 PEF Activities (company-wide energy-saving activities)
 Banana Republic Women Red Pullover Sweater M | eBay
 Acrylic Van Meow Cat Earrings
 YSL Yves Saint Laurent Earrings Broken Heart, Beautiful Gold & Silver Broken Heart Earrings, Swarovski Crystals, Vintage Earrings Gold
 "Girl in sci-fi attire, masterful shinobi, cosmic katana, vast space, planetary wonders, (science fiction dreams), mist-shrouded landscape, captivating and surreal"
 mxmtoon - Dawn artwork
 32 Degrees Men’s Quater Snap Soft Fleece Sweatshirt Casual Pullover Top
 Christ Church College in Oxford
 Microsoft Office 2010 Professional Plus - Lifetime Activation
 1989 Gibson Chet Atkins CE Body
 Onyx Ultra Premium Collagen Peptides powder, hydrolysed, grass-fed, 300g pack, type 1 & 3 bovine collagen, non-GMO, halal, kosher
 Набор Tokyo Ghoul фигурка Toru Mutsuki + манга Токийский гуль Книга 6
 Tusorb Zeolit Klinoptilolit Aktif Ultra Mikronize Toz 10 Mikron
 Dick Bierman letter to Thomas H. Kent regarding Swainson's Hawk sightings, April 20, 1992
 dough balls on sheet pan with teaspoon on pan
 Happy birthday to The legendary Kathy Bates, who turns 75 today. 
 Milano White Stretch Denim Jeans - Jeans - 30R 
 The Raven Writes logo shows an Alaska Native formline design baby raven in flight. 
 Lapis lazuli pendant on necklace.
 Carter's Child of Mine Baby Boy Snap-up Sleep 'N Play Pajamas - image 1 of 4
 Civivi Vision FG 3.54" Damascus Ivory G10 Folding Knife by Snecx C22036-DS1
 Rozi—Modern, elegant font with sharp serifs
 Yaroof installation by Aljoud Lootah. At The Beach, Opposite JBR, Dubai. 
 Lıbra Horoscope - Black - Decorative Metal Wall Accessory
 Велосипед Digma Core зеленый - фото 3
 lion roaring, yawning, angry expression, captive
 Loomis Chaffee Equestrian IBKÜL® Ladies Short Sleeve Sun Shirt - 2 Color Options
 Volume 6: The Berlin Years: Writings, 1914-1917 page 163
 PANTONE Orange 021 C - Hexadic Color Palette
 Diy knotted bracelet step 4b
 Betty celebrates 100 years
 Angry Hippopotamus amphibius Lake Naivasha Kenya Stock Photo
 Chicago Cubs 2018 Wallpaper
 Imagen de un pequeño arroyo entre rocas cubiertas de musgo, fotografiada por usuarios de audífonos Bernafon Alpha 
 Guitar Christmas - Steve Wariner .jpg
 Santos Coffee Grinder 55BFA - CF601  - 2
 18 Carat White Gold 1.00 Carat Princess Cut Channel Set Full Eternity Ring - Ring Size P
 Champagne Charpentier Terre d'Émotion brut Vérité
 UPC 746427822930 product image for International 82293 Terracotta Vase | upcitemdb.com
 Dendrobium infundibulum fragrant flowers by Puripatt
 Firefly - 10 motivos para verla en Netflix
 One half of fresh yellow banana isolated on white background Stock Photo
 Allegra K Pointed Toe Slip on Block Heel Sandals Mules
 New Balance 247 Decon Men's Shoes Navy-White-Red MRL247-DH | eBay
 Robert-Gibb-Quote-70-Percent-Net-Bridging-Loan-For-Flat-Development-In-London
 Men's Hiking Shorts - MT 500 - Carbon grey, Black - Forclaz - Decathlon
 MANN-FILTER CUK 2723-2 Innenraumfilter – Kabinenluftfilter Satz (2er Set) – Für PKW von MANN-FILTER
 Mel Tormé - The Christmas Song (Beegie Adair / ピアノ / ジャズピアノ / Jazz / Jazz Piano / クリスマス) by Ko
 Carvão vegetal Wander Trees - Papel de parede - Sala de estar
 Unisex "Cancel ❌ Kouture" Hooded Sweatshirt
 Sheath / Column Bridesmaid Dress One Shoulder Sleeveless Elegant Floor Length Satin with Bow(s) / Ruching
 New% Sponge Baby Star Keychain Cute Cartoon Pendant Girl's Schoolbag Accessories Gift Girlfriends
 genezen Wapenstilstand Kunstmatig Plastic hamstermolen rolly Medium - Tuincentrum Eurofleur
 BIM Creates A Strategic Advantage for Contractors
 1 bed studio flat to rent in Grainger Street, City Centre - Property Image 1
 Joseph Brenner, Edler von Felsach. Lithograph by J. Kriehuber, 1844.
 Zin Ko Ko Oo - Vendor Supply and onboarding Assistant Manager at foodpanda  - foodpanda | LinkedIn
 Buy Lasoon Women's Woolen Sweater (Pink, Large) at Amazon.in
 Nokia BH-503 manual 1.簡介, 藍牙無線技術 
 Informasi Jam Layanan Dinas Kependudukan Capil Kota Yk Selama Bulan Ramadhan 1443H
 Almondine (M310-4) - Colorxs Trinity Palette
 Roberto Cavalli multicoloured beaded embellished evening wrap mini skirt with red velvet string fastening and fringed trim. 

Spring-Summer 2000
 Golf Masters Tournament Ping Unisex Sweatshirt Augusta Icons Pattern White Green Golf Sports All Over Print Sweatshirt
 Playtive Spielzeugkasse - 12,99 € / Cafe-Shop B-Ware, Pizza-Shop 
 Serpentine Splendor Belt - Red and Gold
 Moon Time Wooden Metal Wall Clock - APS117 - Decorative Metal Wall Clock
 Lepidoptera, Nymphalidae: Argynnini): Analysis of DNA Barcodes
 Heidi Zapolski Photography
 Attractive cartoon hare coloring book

Exercise details:
Which lines above run from the one containing "YSL Yves Saint" down to the one containing "Carter's Child of"? Repeat exactly those, both ends included, and nothing else.

Response to this exercise:
 YSL Yves Saint Laurent Earrings Broken Heart, Beautiful Gold & Silver Broken Heart Earrings, Swarovski Crystals, Vintage Earrings Gold
 "Girl in sci-fi attire, masterful shinobi, cosmic katana, vast space, planetary wonders, (science fiction dreams), mist-shrouded landscape, captivating and surreal"
 mxmtoon - Dawn artwork
 32 Degrees Men’s Quater Snap Soft Fleece Sweatshirt Casual Pullover Top
 Christ Church College in Oxford
 Microsoft Office 2010 Professional Plus - Lifetime Activation
 1989 Gibson Chet Atkins CE Body
 Onyx Ultra Premium Collagen Peptides powder, hydrolysed, grass-fed, 300g pack, type 1 & 3 bovine collagen, non-GMO, halal, kosher
 Набор Tokyo Ghoul фигурка Toru Mutsuki + манга Токийский гуль Книга 6
 Tusorb Zeolit Klinoptilolit Aktif Ultra Mikronize Toz 10 Mikron
 Dick Bierman letter to Thomas H. Kent regarding Swainson's Hawk sightings, April 20, 1992
 dough balls on sheet pan with teaspoon on pan
 Happy birthday to The legendary Kathy Bates, who turns 75 today. 
 Milano White Stretch Denim Jeans - Jeans - 30R 
 The Raven Writes logo shows an Alaska Native formline design baby raven in flight. 
 Lapis lazuli pendant on necklace.
 Carter's Child of Mine Baby Boy Snap-up Sleep 'N Play Pajamas - image 1 of 4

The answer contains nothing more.